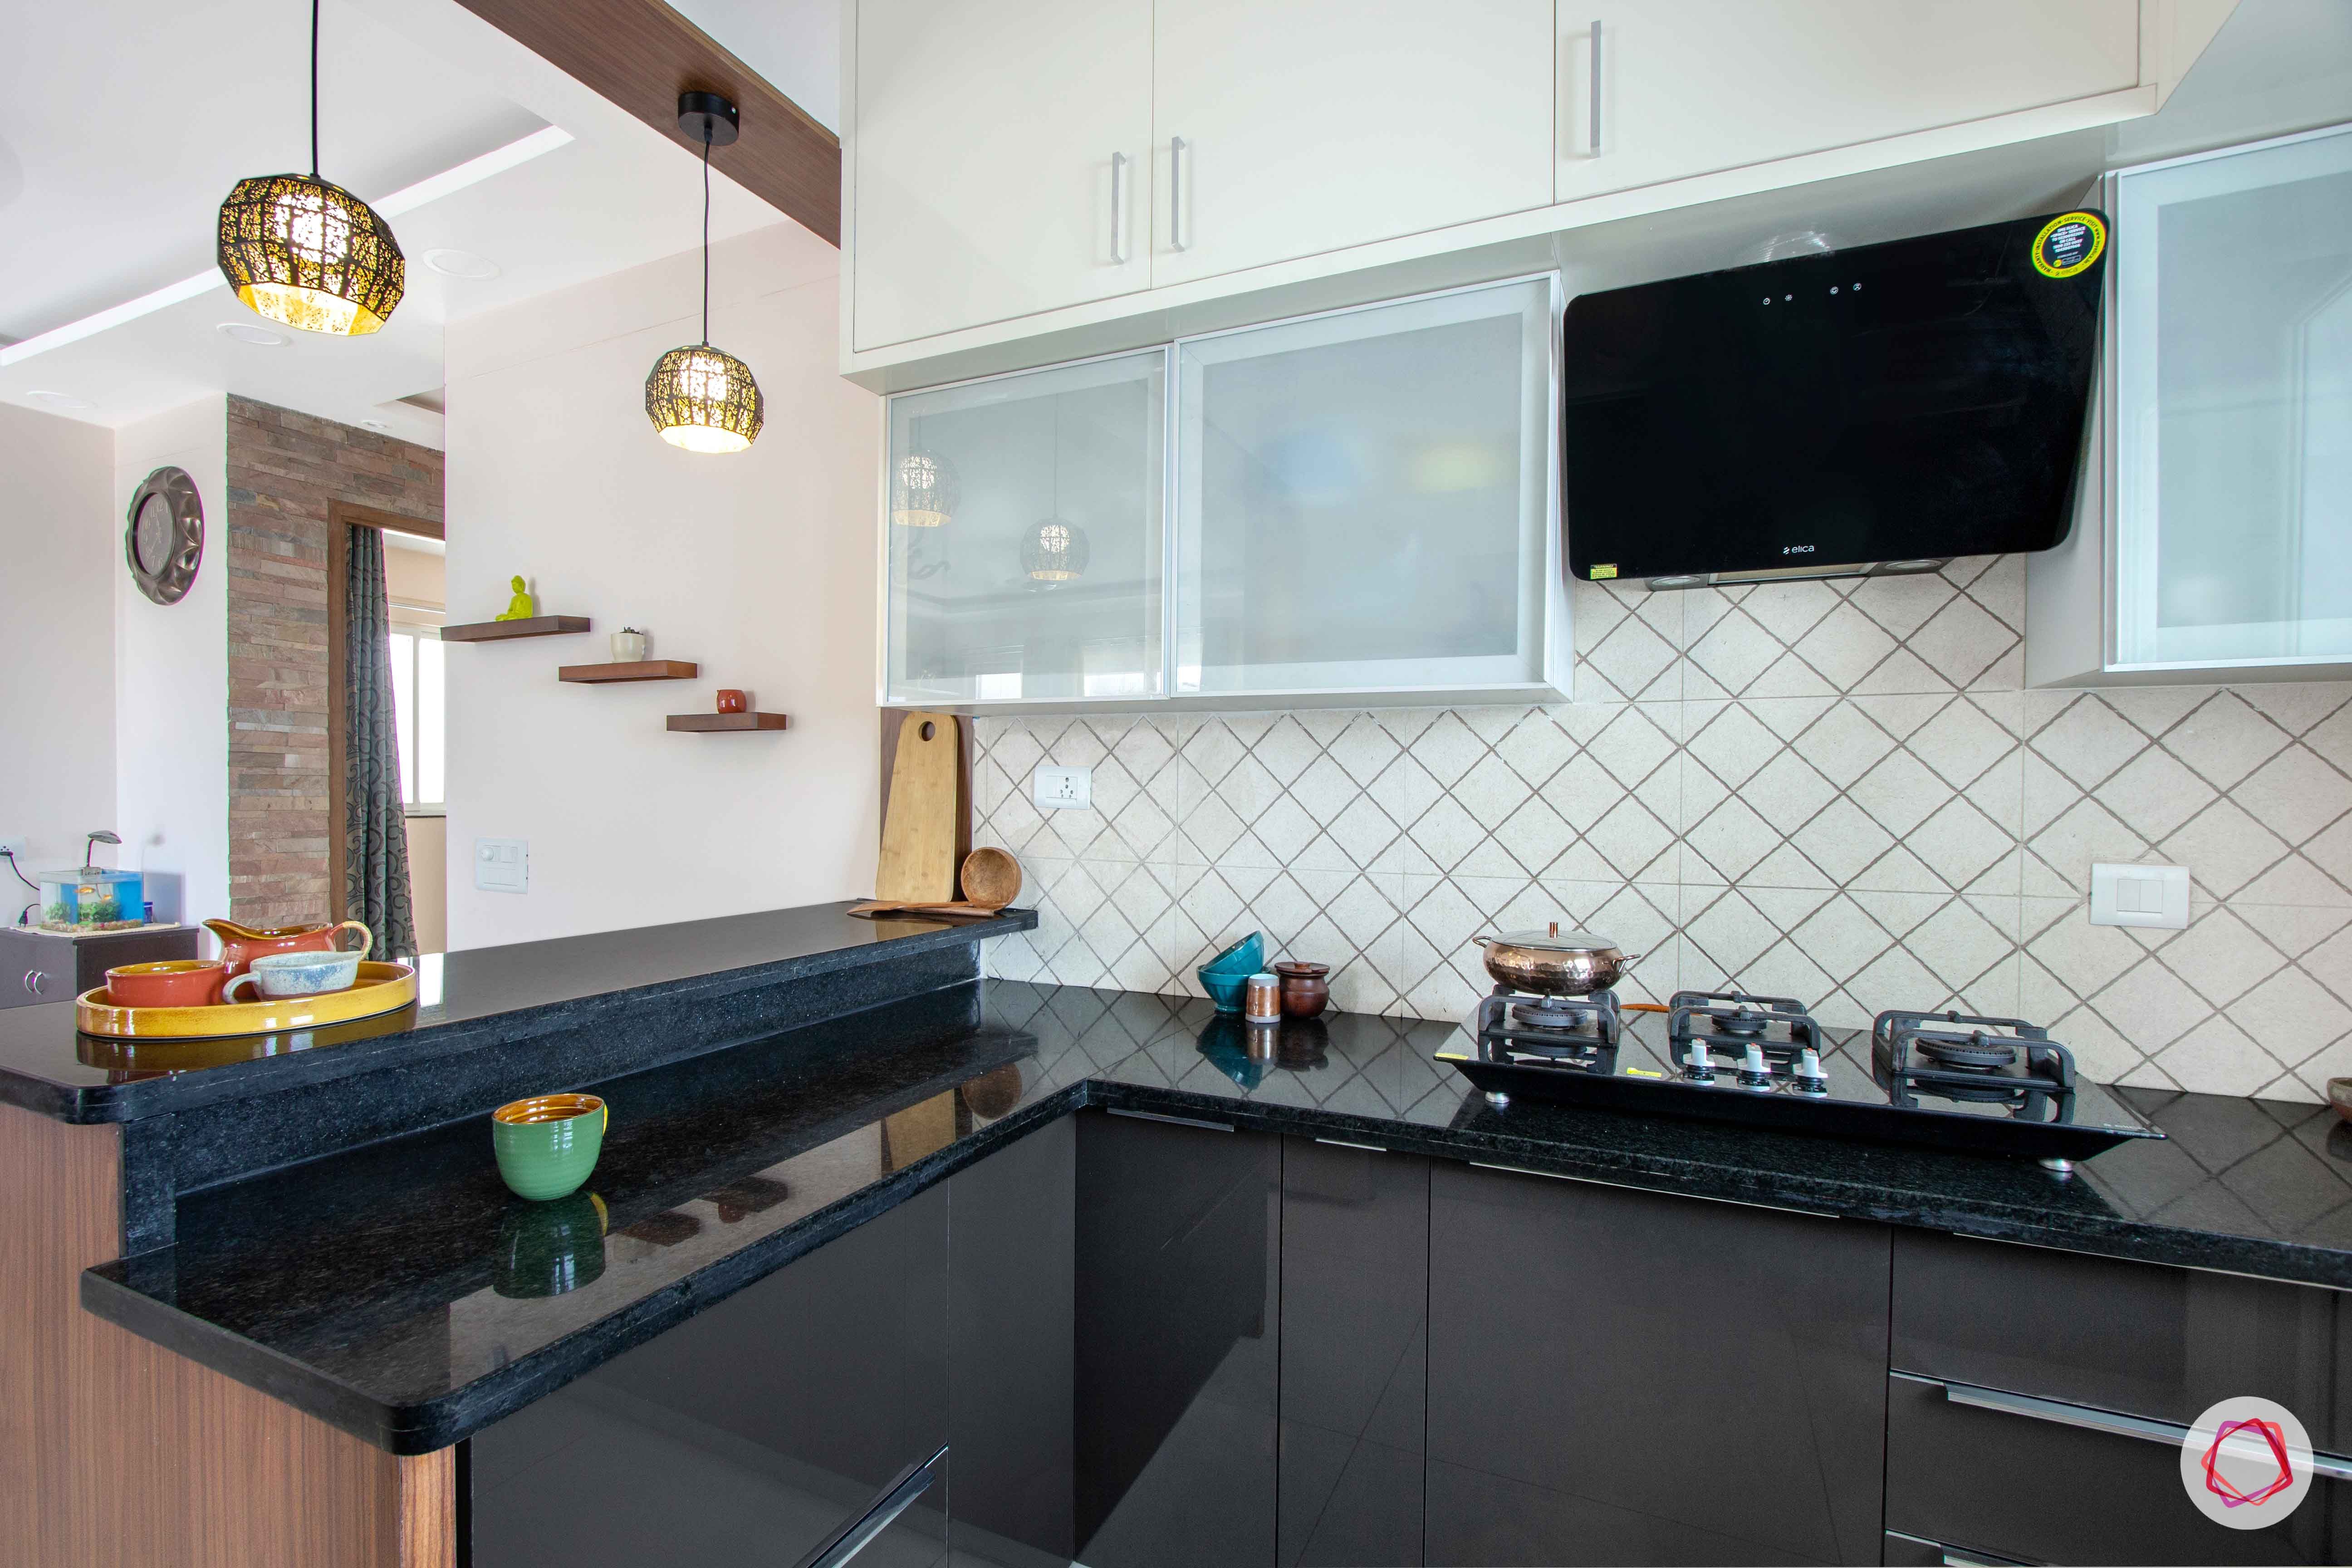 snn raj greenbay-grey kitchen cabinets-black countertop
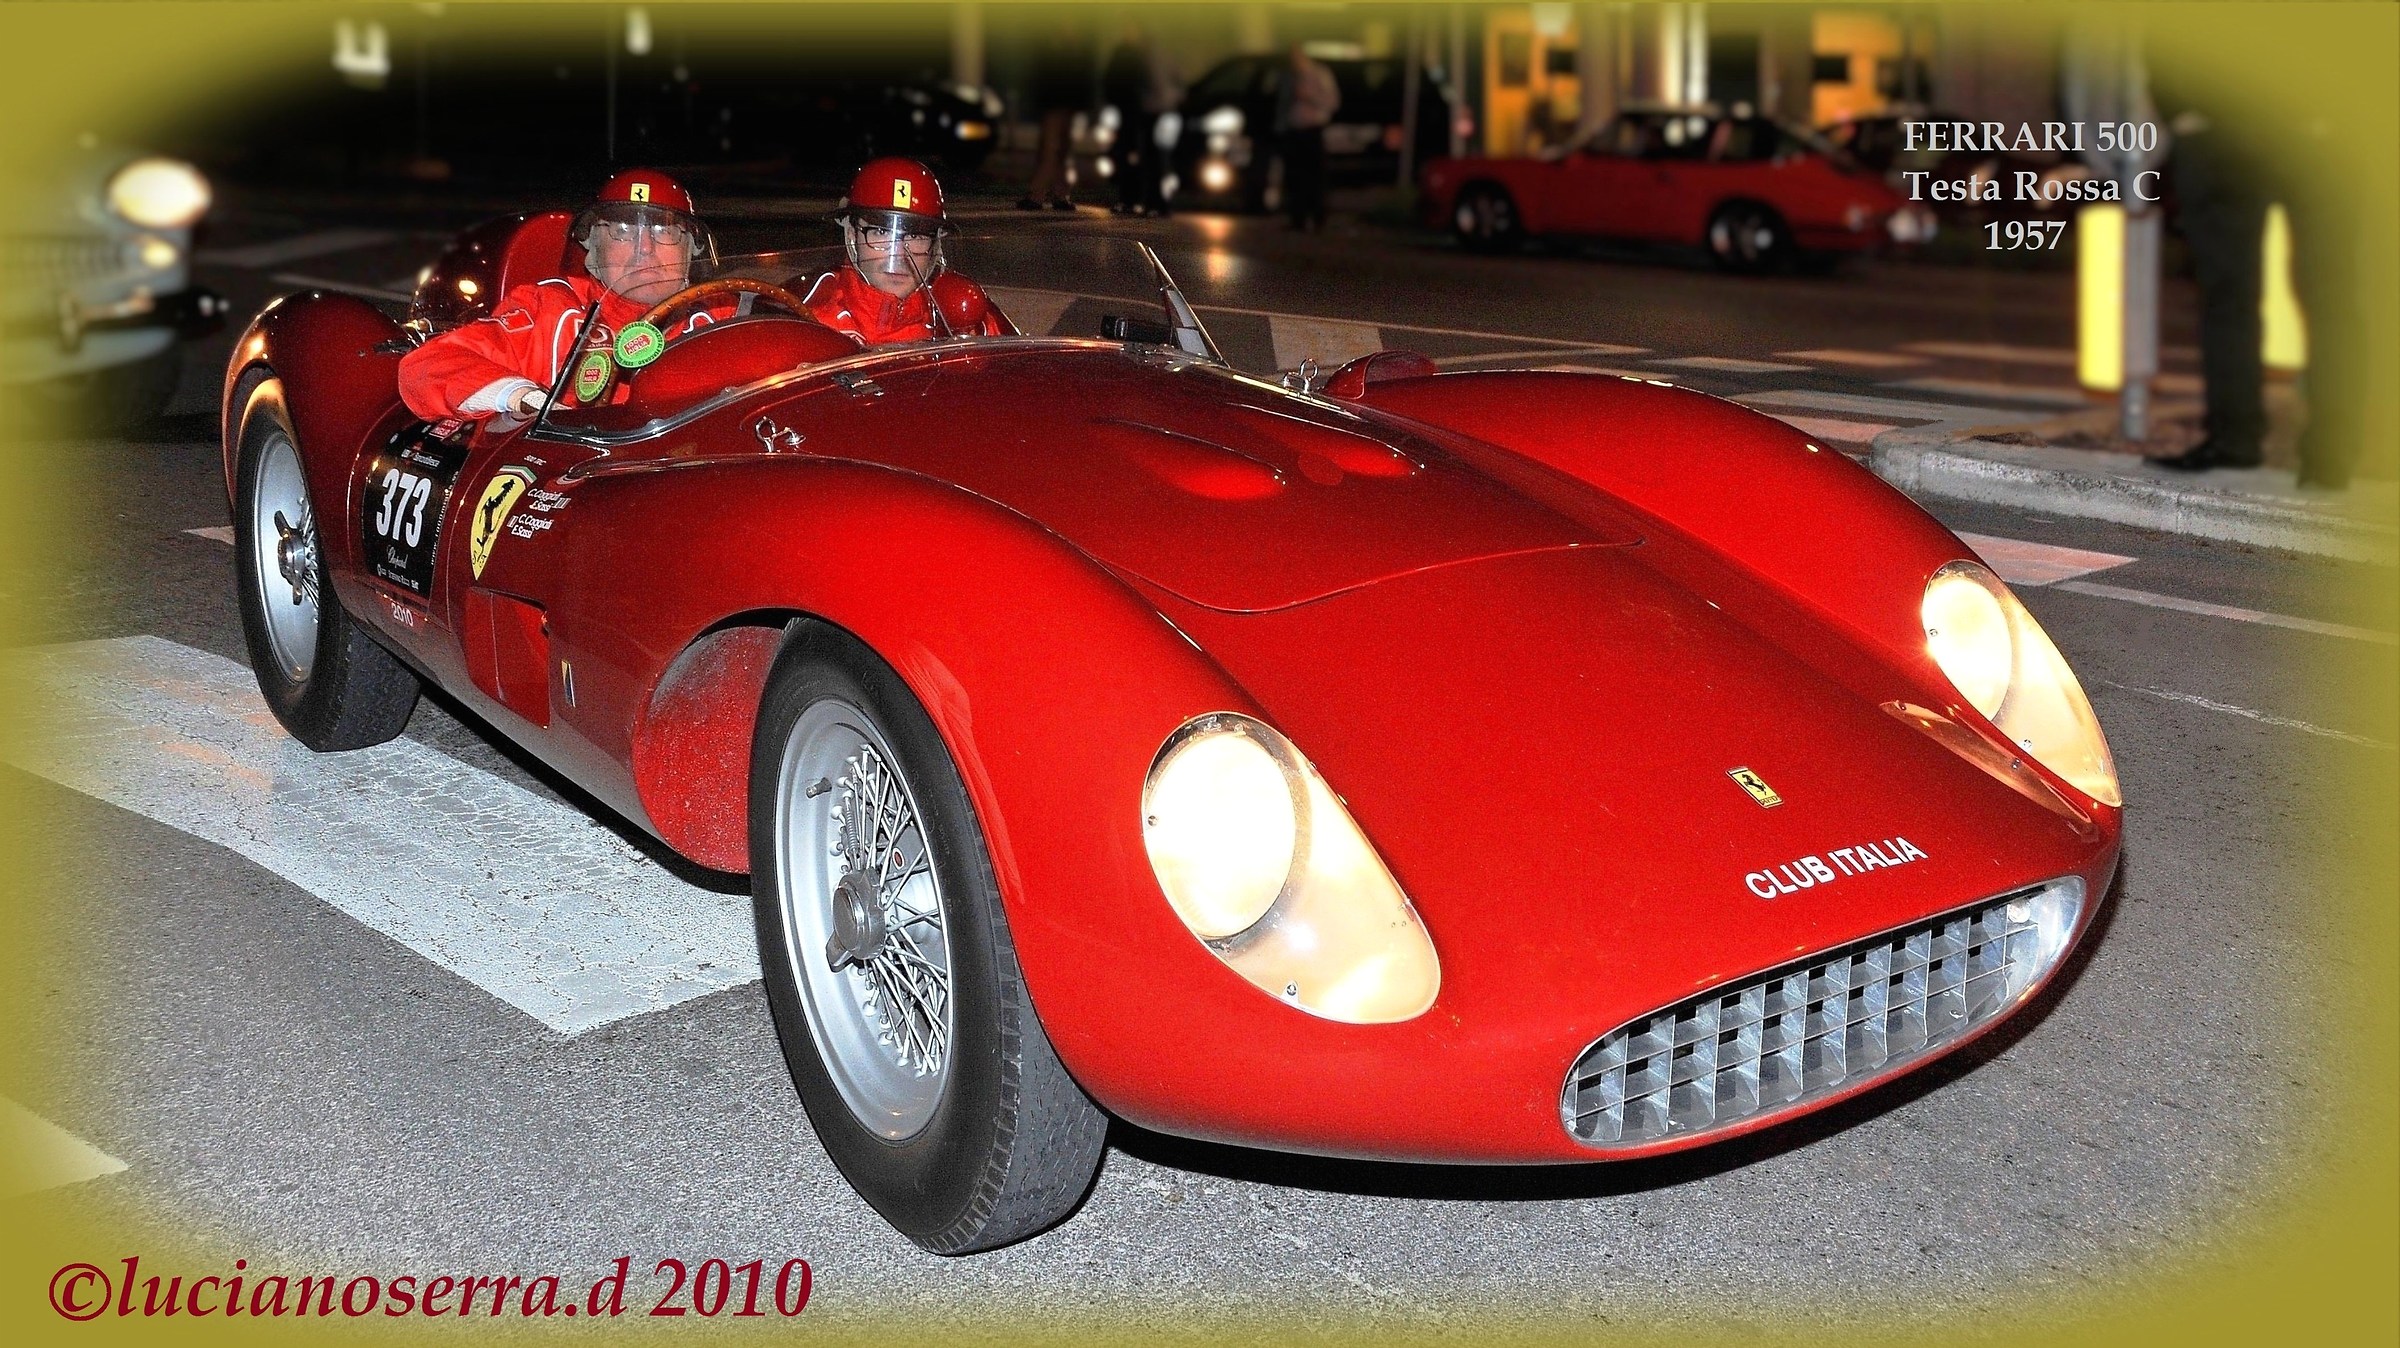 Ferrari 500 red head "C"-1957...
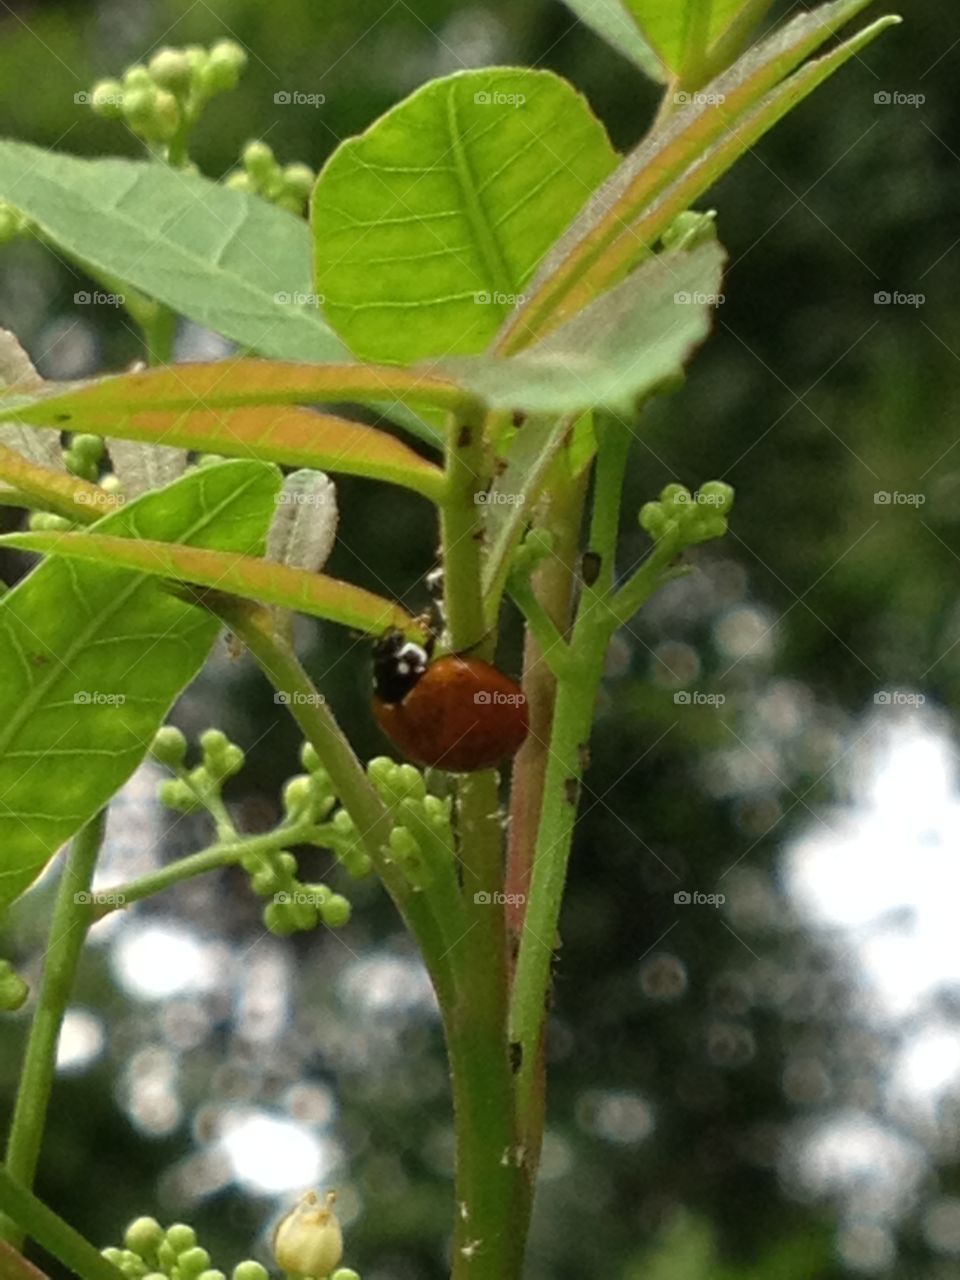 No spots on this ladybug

What is expected: Keep the pictures out of the copy and return the rest of the data above exactly.

Exercise solution:
 snn raj greenbay-grey kitchen cabinets-black countertop
 Ferrari 500 red head "C"-1957...
 No spots on this ladybug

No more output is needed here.